Racismo ambiental: o que o conceito tem a ver com mudança climática?

Fernanda Paixão

voluntária da Elas

19/11/2021

“Não há como falar de mudança climática sem falar de pessoas”, disse Txai Suruí à revista Exame. Para quem não a conhece, Txai é uma jovem indígena ativista brasileira que luta pelos direitos dos povos originários. Ela foi a única mulher do país a discursar na abertura da Conferência da Cúpula do Clima (COP26), em Glasgow, na Escócia.

Ao longo de duas semanas, representantes de 197 nações, ONGs e empresários debateram e negociaram medidas mais ousadas para frear a crise climática. São promessas de investimento em energia renovável, combate ao desmatamento, redução da emissão de carbono, tudo para evitar que a população mundial sofra ainda mais com os impactos da crise climática.

Mas o discurso feito pela jovem estudante de Direito na abertura da conferência e o resultado desanimador da COP26 expõem uma realidade ignorada pelas nações, e principalmente pelo Brasil, ao traçar tais metas para o futuro: o racismo ambiental. Sim, esse conceito existe e tem tudo a ver com a mudança climática. São pessoas e nações mais pobres que pagarão a conta das mudanças climáticas.

O que é racismo ambiental

Segundo Benjamin Franklin Chavis Jr., racismo ambiental “é a discriminação racial nas políticas ambientais”. Ela ocorre quando a aplicação de práticas ou leis coloca um grupo em desvantagem em relação ao outro, intencionalmente ou não, por causa da cor da pele.  

O conceito foi criado na década de 80 por Benjamin Chavis, líder do movimento de direitos civis nos EUA que, quando jovem, foi assistente de Martin Luther King. À época, um processo judicial sobre a criação de um aterro sanitário em Warren County, na Carolina do Norte, despertou a curiosidade do ativista sobre o tema.

A corte negou a construção de um aterro de PCB (bifenilpoliclorado) na região, que era habitada majoritariamente por negros. O caso abriu precedente que relaciona a escolha da abertura de aterros sanitários a bairros de população negra. Após a decisão, o ativista tomou conhecimento de vários outros casos semelhantes espalhados pelo país.

No Brasil, esse conceito é mais amplo, abrangendo indígenas, quilombolas, comunidades ribeirinhas. Em suma, populações em situação de vulnerabilidade. E vulnerabilidade ambiental. São esses grupos os mais atingidos por mudanças climáticas.

Muitas das consequências dessa crise já são conhecidas pelos brasileiros. É só lembrar de tragédias como Mariana e Brumadinho, nos quais a população ainda sofre com as consequências dos desastres. Ele se dá pela falta de acesso a saneamento básico, na maior exposição a catástrofes climáticas como enchentes e deslizamentos, em processos de gentrificação, na instalação de fábricas, indústrias e aterros sanitários em bairros habitados por pessoas negras e pobres, podendo comprometer a saúde dessa população.
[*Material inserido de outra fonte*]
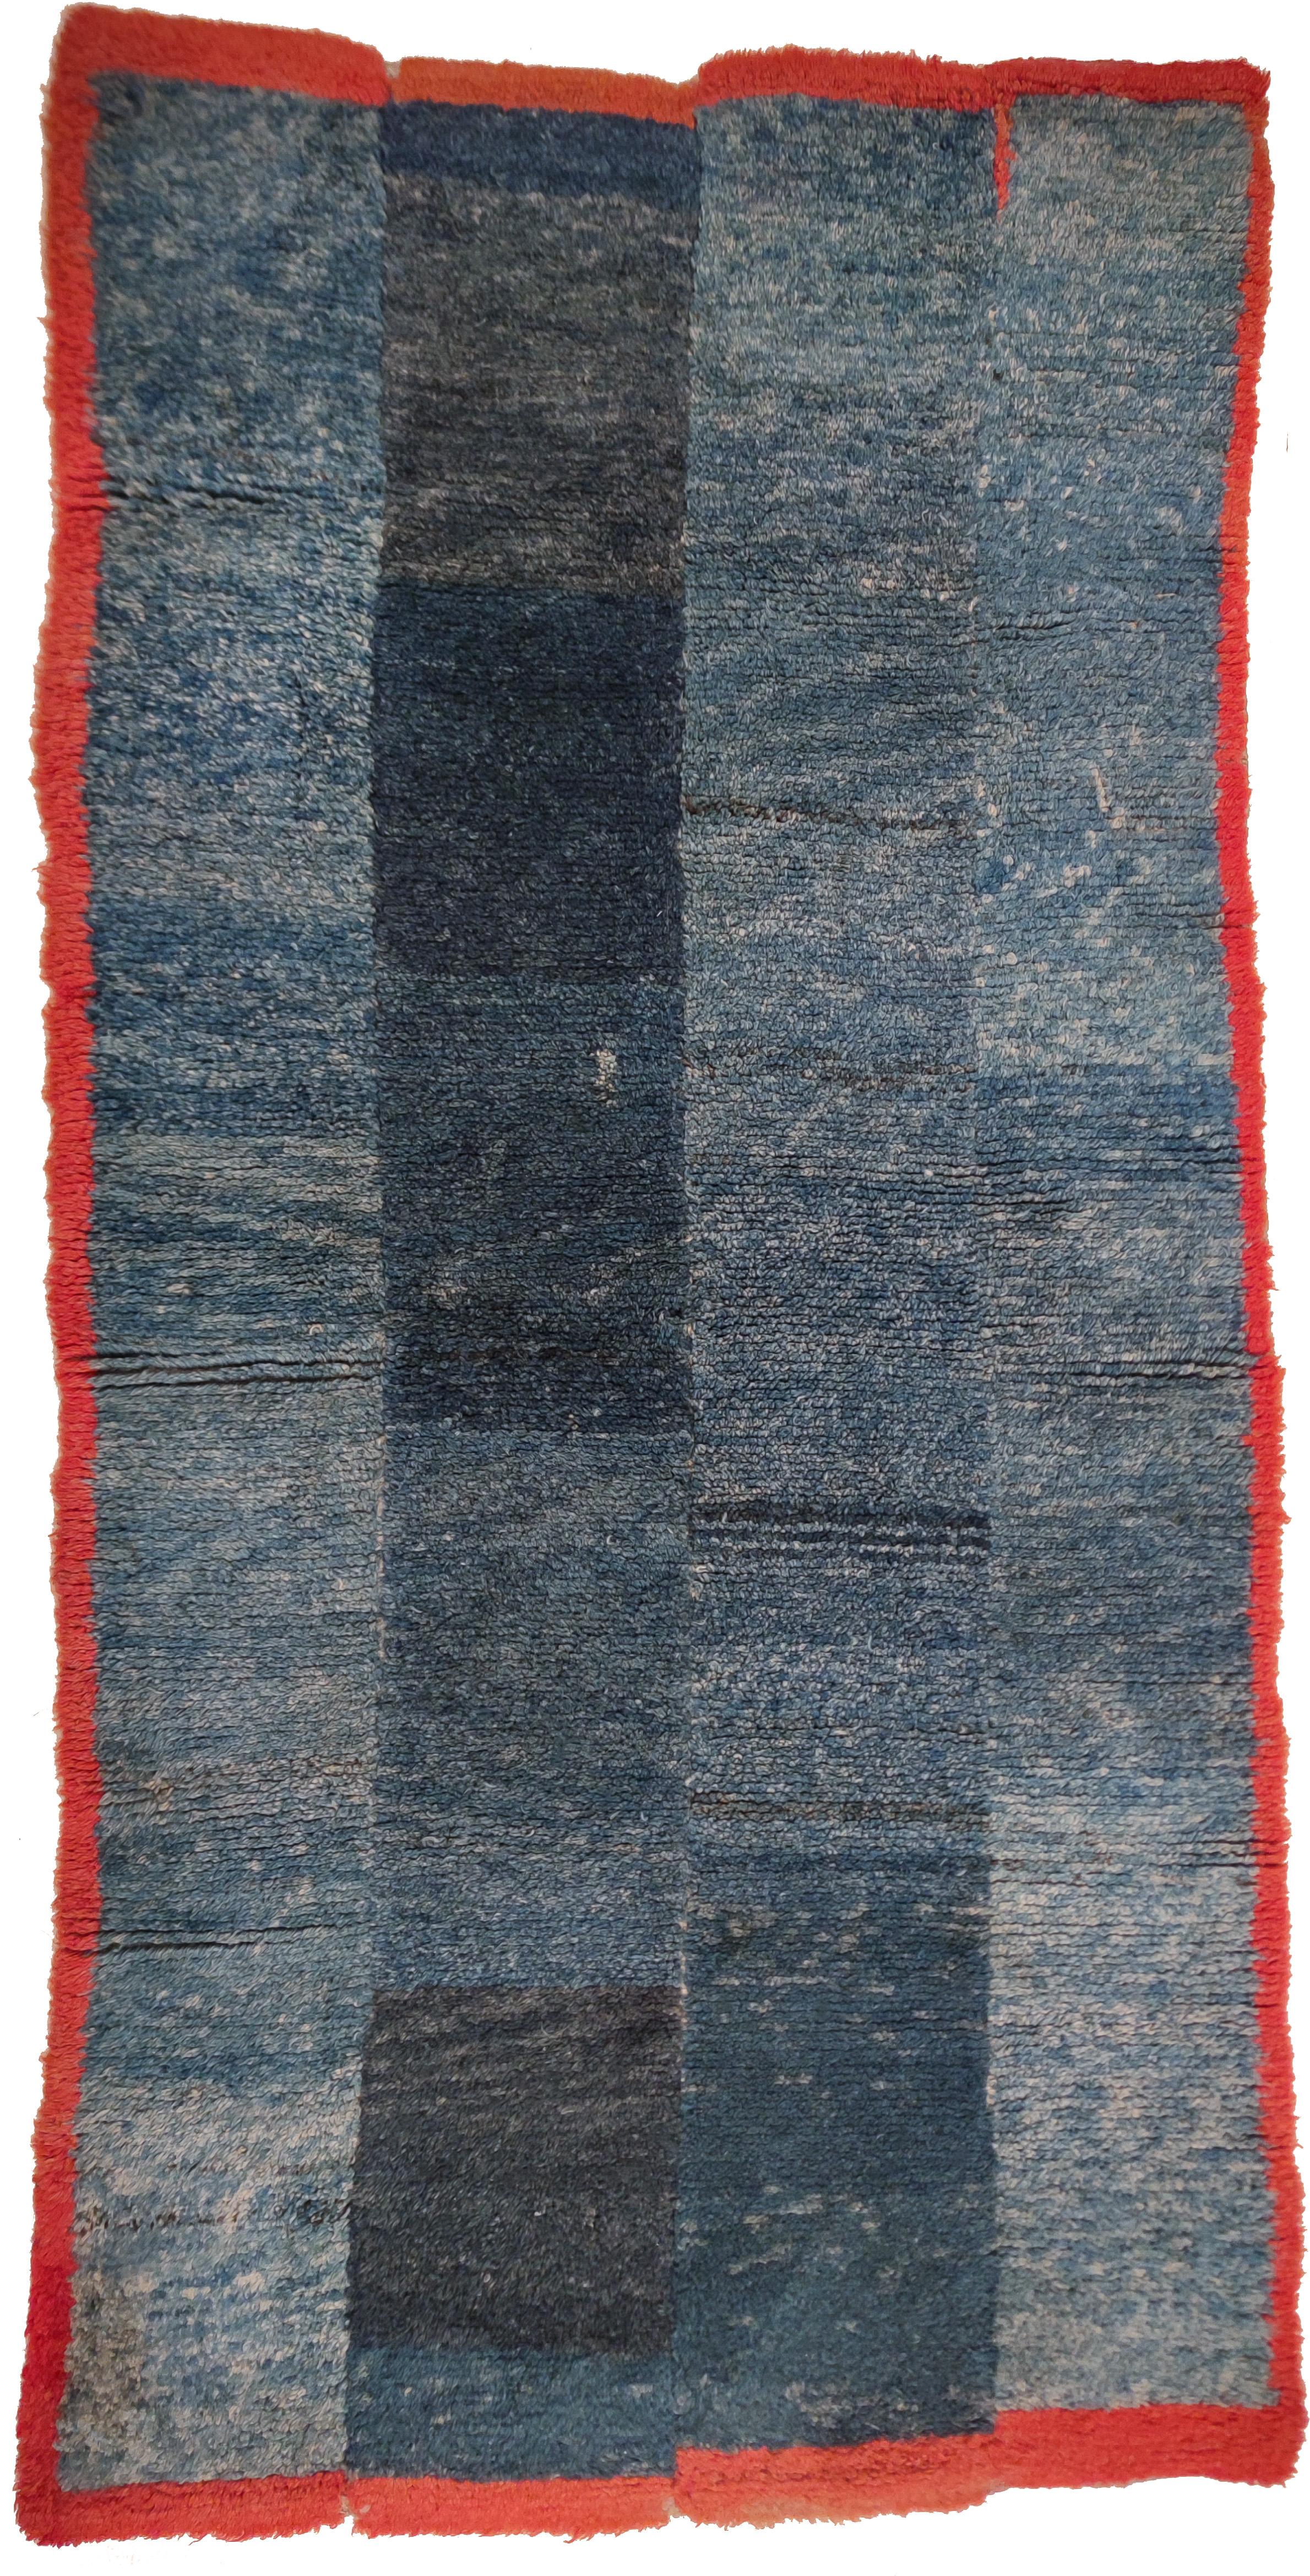 Tsukdruk rugs are possibly the most representative examples of the Tibetan nomadic weaving tradition. Woven with lanolin-rich highland wool, these come in narrow strips constructed on backstrap looms, and are part of the material culture of the

Num cenário macro, as nações mais pobres sofrem mais em comparação às mais consolidadas economicamente. No dia 6 de novembro, ainda no início das negociações, o ministro de Tuvalu, uma ilha no meio do oceano Pacífico, gravou um discurso com o mar na altura dos joelhos para alertar sobre o aumento do nível do mar. Seu território, assim como muitos outros, corre o risco de desaparecer debaixo d’água por causa do aquecimento global. 

Participação política ajuda a combater o racismo ambiental

A presença de mulheres como Txai Suruí e Amanda Costa, delegada do Brasil no G20 Youth Summit e diretora executiva do Perifa Sustentável, na COP26 é um ato político. Além de medidas que protejam o meio ambiente, elas buscam representatividade política e visibilidade para que vidas brasileiras sejam realmente levadas em consideração.

Para isso, um dos caminhos é eleger minorias sociais para os governos estaduais e federais, ajudando a criar e debater leis e políticas públicas que promovam justiça climática – que os tire dessa situação de desvantagem econômica e social constante.

Hoje há apenas uma representante indígena no Congresso Nacional. Seu nome é Joenia Wapichana, deputada federal pela Rede-RR.  De acordo com a Agência Câmara de Notícias, 197 indígenas foram eleitos para os cargos de prefeito, vice-prefeito e vereador em 2018. O número é maior do que em 2016, mas permanece muito baixo para quantidade de povos que existem em território nacional. Sem falar na quantidade de negros e mulheres – que também estão entre os grupos mais atingidos.

Para além da representatividade, cumprir as promessas feitas na Conferência do Clima, exigira do Brasil muitas mudanças, dentre elas, o posicionamento negacionista quanto ao desmatamento ilegal e o reconhecimento de conceitos como o racismo ambiental – que não são novos, mas batem à porta com extrema urgência.